The decanter lay in fragments, in one place, with the spilt wine near it; and the remains of the inkstand were in another, near a great, black stain on the carpet. The pieces of thick glass from the door were now on the floor, too; and Ramsden was hopping about on one leg, saying things to himself.

"What's the matter?" I asked, when I had got my wits back. "Are you hurt?"

"That confounded grating came down on my toe!" he cried. "I believe it has smashed it!"

I am sorry to say it had—or very nearly; and ever since then, as I dare say you noticed to-day, he has walked with a limp.

That, as it turned out, was the most serious outcome of our adventure. A lot of damage of one sort and another had, of course, been done in various ways, but nothing that could not be put right or replaced.

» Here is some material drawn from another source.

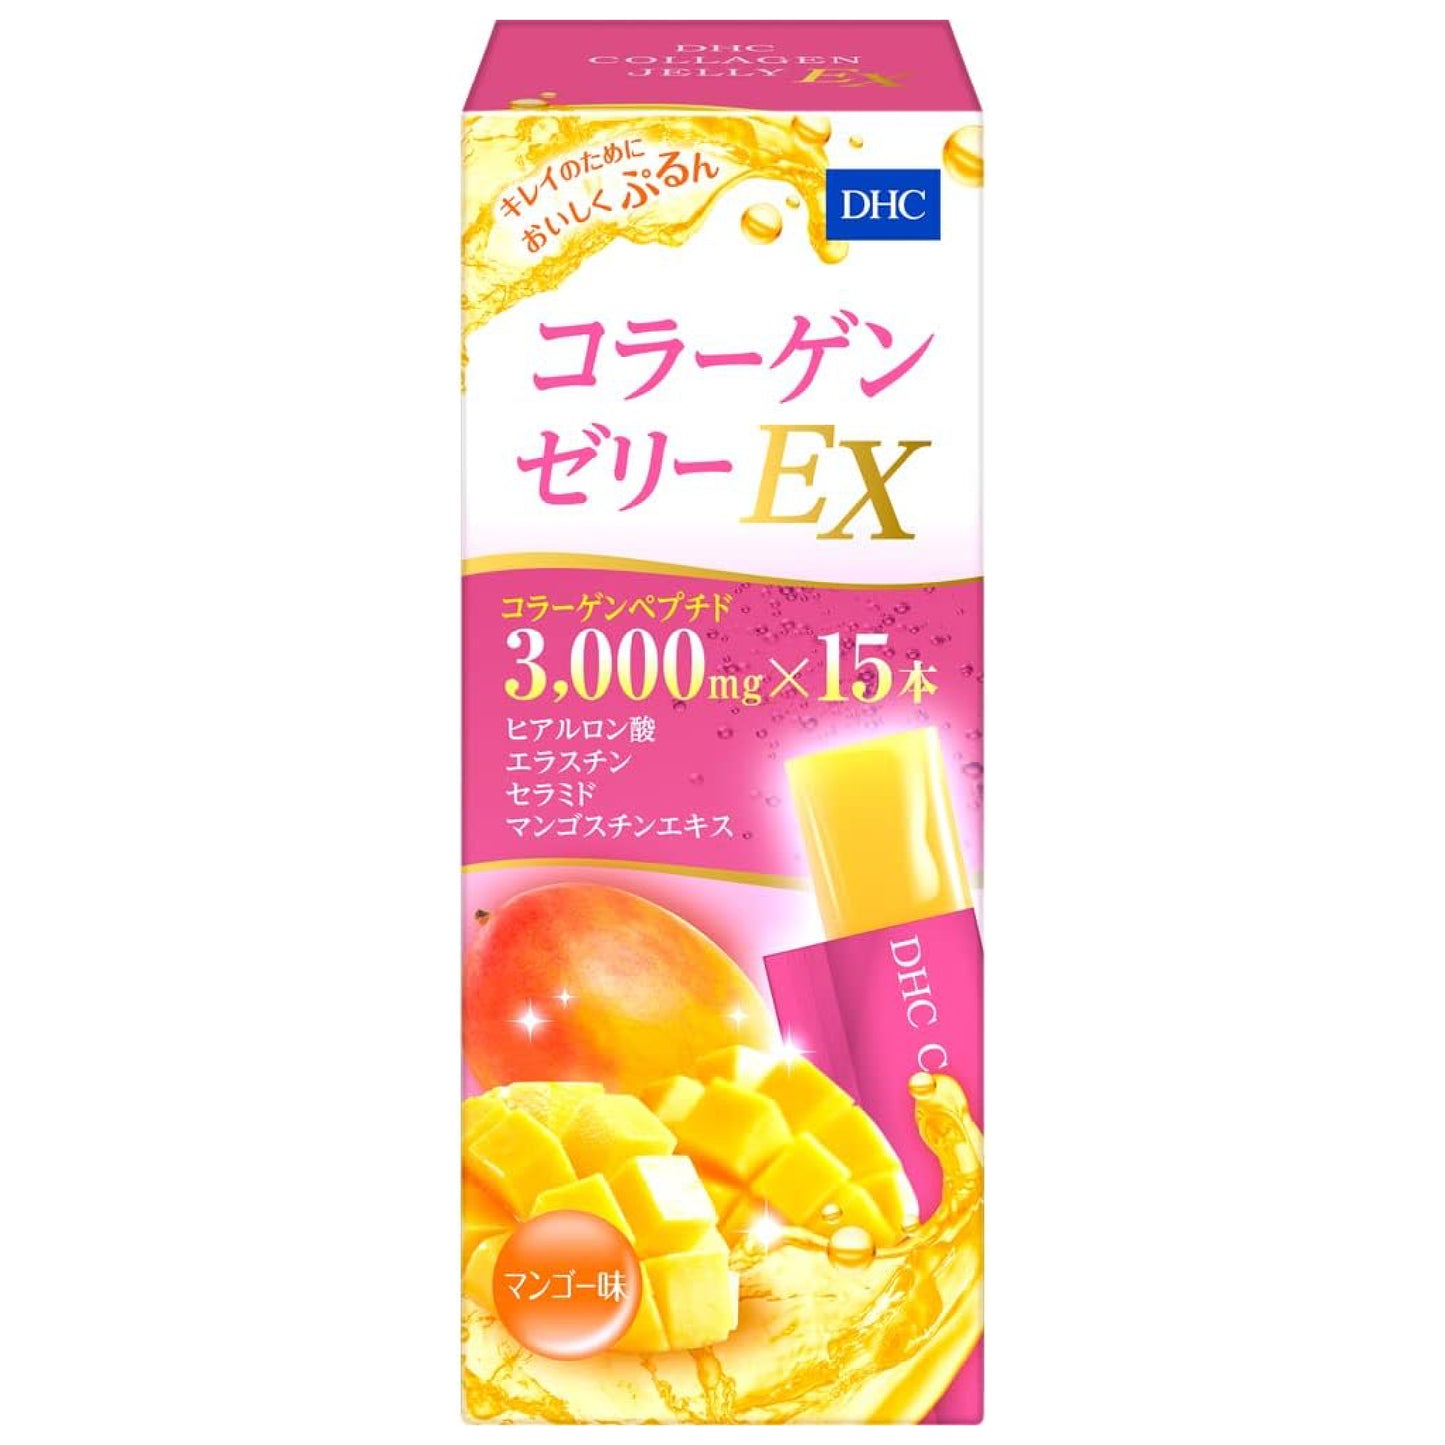 DHC：Collagen Jelly EX Mango Flavor, Pack of 15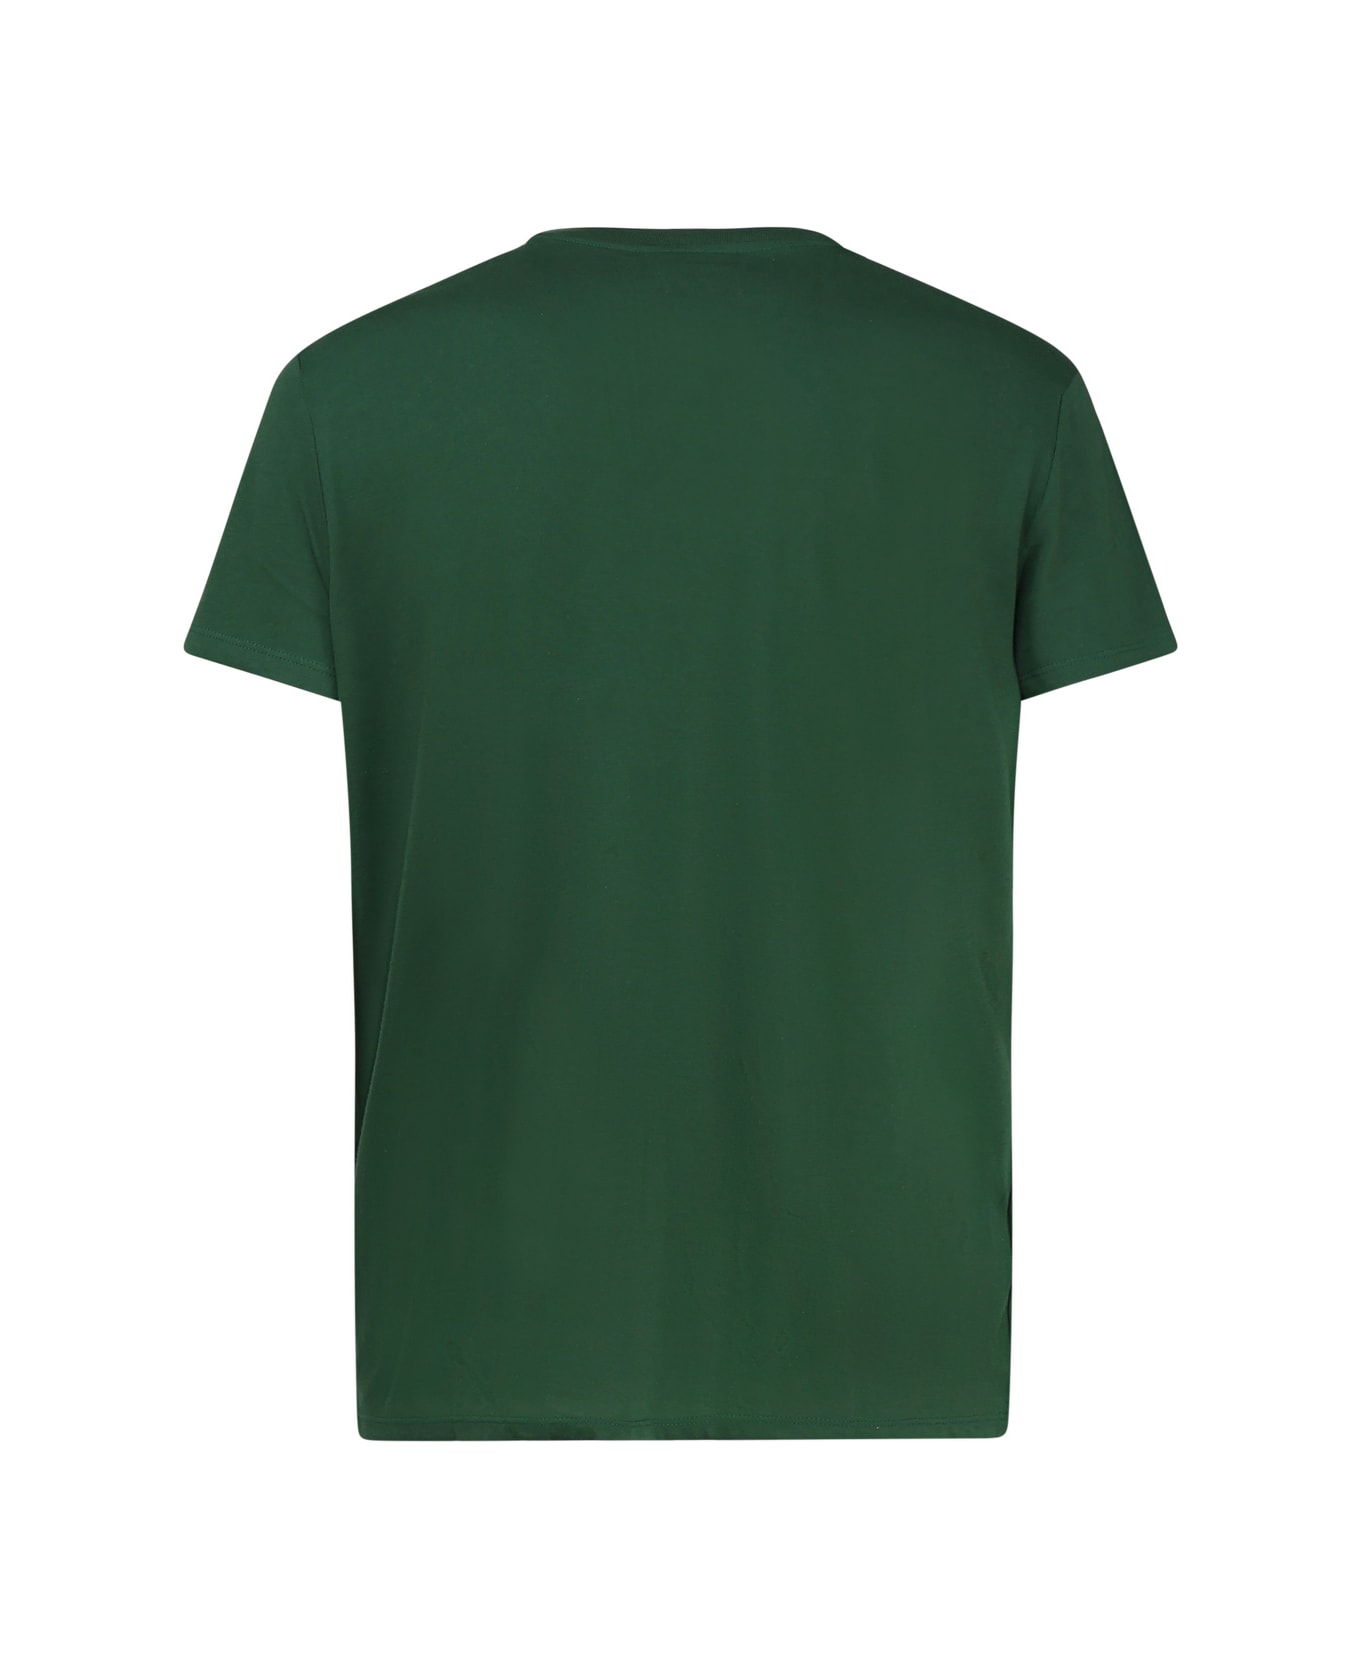 Lacoste Green T-shirt In Cotton Jersey - Green

We were still being whirled along in the wake of the comet; but Ramsden, in spite of the pain he was in, set to work to get free; and eventually, I need not say, he succeeded, or I should not now be here talking to you.

THERE was a pause when Earnshaw had finished his narrative. Then Harrington spoke:

"And what, may I ask, was the gain to science? Were the scientific results of any real astronomical value?"

"There weren't any, practically speaking," was the answer. "This little upset prevented Ramsden from making the careful observations he had intended. Even some notes he had set down were rendered useless by the ink that was spilt over them. And the worst of it is," Earnshaw added regretfully, "Ramsden says there won't be another comet within our reach for at least fifty years!"